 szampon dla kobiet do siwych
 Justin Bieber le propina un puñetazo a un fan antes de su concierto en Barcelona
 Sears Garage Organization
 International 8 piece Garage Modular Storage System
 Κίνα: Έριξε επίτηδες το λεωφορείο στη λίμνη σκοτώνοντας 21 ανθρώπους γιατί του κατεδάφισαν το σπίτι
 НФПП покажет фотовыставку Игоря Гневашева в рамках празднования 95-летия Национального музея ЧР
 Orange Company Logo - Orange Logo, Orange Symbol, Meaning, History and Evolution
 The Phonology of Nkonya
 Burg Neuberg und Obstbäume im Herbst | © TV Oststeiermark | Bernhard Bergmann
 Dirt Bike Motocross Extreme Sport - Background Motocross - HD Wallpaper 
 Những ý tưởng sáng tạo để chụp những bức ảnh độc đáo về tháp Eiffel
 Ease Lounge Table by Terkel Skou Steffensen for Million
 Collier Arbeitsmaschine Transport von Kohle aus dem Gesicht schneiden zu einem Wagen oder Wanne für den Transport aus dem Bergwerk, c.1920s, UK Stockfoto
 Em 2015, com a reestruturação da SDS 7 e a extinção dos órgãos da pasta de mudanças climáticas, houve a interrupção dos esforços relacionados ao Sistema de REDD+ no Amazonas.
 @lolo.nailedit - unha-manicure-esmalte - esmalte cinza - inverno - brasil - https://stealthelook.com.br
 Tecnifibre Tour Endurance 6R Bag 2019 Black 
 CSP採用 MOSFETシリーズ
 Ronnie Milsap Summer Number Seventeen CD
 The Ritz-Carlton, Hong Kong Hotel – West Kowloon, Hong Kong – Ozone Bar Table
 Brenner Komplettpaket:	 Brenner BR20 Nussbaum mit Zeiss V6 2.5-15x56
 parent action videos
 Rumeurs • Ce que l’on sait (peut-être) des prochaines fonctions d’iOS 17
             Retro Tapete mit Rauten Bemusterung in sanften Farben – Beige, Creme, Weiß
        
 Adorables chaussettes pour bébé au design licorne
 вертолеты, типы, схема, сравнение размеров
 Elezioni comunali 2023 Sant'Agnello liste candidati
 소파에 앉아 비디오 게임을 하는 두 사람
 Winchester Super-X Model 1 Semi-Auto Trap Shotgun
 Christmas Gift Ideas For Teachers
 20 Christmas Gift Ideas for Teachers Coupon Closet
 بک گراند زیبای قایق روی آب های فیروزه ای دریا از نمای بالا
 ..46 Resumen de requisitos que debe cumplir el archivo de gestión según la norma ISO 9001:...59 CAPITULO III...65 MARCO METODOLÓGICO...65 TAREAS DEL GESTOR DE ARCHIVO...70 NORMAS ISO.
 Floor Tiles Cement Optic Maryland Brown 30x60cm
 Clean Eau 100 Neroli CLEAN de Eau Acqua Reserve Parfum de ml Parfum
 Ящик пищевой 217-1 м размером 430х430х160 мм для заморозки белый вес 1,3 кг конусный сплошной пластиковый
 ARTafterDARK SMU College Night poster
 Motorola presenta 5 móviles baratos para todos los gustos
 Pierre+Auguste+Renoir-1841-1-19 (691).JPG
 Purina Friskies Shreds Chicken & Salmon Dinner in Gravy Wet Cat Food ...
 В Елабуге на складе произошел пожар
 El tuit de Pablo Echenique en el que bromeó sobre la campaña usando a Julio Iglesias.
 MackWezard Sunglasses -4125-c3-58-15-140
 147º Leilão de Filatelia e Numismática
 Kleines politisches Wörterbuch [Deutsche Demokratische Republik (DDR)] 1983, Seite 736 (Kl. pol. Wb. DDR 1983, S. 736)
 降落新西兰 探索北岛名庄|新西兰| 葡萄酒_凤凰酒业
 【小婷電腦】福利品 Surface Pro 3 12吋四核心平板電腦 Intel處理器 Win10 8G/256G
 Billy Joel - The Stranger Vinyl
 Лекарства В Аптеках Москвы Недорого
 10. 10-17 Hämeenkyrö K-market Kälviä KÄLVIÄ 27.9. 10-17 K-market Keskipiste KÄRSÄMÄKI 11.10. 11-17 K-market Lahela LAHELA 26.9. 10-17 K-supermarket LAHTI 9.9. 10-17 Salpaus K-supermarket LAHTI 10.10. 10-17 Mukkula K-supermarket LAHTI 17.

..............................

EXERCISE DETAILS: Line by line, write out the whole listing exactly.

RESPONSE TO THE TASK:
 szampon dla kobiet do siwych
 Justin Bieber le propina un puñetazo a un fan antes de su concierto en Barcelona
 Sears Garage Organization
 International 8 piece Garage Modular Storage System
 Κίνα: Έριξε επίτηδες το λεωφορείο στη λίμνη σκοτώνοντας 21 ανθρώπους γιατί του κατεδάφισαν το σπίτι
 НФПП покажет фотовыставку Игоря Гневашева в рамках празднования 95-летия Национального музея ЧР
 Orange Company Logo - Orange Logo, Orange Symbol, Meaning, History and Evolution
 The Phonology of Nkonya
 Burg Neuberg und Obstbäume im Herbst | © TV Oststeiermark | Bernhard Bergmann
 Dirt Bike Motocross Extreme Sport - Background Motocross - HD Wallpaper 
 Những ý tưởng sáng tạo để chụp những bức ảnh độc đáo về tháp Eiffel
 Ease Lounge Table by Terkel Skou Steffensen for Million
 Collier Arbeitsmaschine Transport von Kohle aus dem Gesicht schneiden zu einem Wagen oder Wanne für den Transport aus dem Bergwerk, c.1920s, UK Stockfoto
 Em 2015, com a reestruturação da SDS 7 e a extinção dos órgãos da pasta de mudanças climáticas, houve a interrupção dos esforços relacionados ao Sistema de REDD+ no Amazonas.
 @lolo.nailedit - unha-manicure-esmalte - esmalte cinza - inverno - brasil - https://stealthelook.com.br
 Tecnifibre Tour Endurance 6R Bag 2019 Black 
 CSP採用 MOSFETシリーズ
 Ronnie Milsap Summer Number Seventeen CD
 The Ritz-Carlton, Hong Kong Hotel – West Kowloon, Hong Kong – Ozone Bar Table
 Brenner Komplettpaket:	 Brenner BR20 Nussbaum mit Zeiss V6 2.5-15x56
 parent action videos
 Rumeurs • Ce que l’on sait (peut-être) des prochaines fonctions d’iOS 17
             Retro Tapete mit Rauten Bemusterung in sanften Farben – Beige, Creme, Weiß
        
 Adorables chaussettes pour bébé au design licorne
 вертолеты, типы, схема, сравнение размеров
 Elezioni comunali 2023 Sant'Agnello liste candidati
 소파에 앉아 비디오 게임을 하는 두 사람
 Winchester Super-X Model 1 Semi-Auto Trap Shotgun
 Christmas Gift Ideas For Teachers
 20 Christmas Gift Ideas for Teachers Coupon Closet
 بک گراند زیبای قایق روی آب های فیروزه ای دریا از نمای بالا
 ..46 Resumen de requisitos que debe cumplir el archivo de gestión según la norma ISO 9001:...59 CAPITULO III...65 MARCO METODOLÓGICO...65 TAREAS DEL GESTOR DE ARCHIVO...70 NORMAS ISO.
 Floor Tiles Cement Optic Maryland Brown 30x60cm
 Clean Eau 100 Neroli CLEAN de Eau Acqua Reserve Parfum de ml Parfum
 Ящик пищевой 217-1 м размером 430х430х160 мм для заморозки белый вес 1,3 кг конусный сплошной пластиковый
 ARTafterDARK SMU College Night poster
 Motorola presenta 5 móviles baratos para todos los gustos
 Pierre+Auguste+Renoir-1841-1-19 (691).JPG
 Purina Friskies Shreds Chicken & Salmon Dinner in Gravy Wet Cat Food ...
 В Елабуге на складе произошел пожар
 El tuit de Pablo Echenique en el que bromeó sobre la campaña usando a Julio Iglesias.
 MackWezard Sunglasses -4125-c3-58-15-140
 147º Leilão de Filatelia e Numismática
 Kleines politisches Wörterbuch [Deutsche Demokratische Republik (DDR)] 1983, Seite 736 (Kl. pol. Wb. DDR 1983, S. 736)
 降落新西兰 探索北岛名庄|新西兰| 葡萄酒_凤凰酒业
 【小婷電腦】福利品 Surface Pro 3 12吋四核心平板電腦 Intel處理器 Win10 8G/256G
 Billy Joel - The Stranger Vinyl
 Лекарства В Аптеках Москвы Недорого
 10. 10-17 Hämeenkyrö K-market Kälviä KÄLVIÄ 27.9. 10-17 K-market Keskipiste KÄRSÄMÄKI 11.10. 11-17 K-market Lahela LAHELA 26.9. 10-17 K-supermarket LAHTI 9.9. 10-17 Salpaus K-supermarket LAHTI 10.10. 10-17 Mukkula K-supermarket LAHTI 17.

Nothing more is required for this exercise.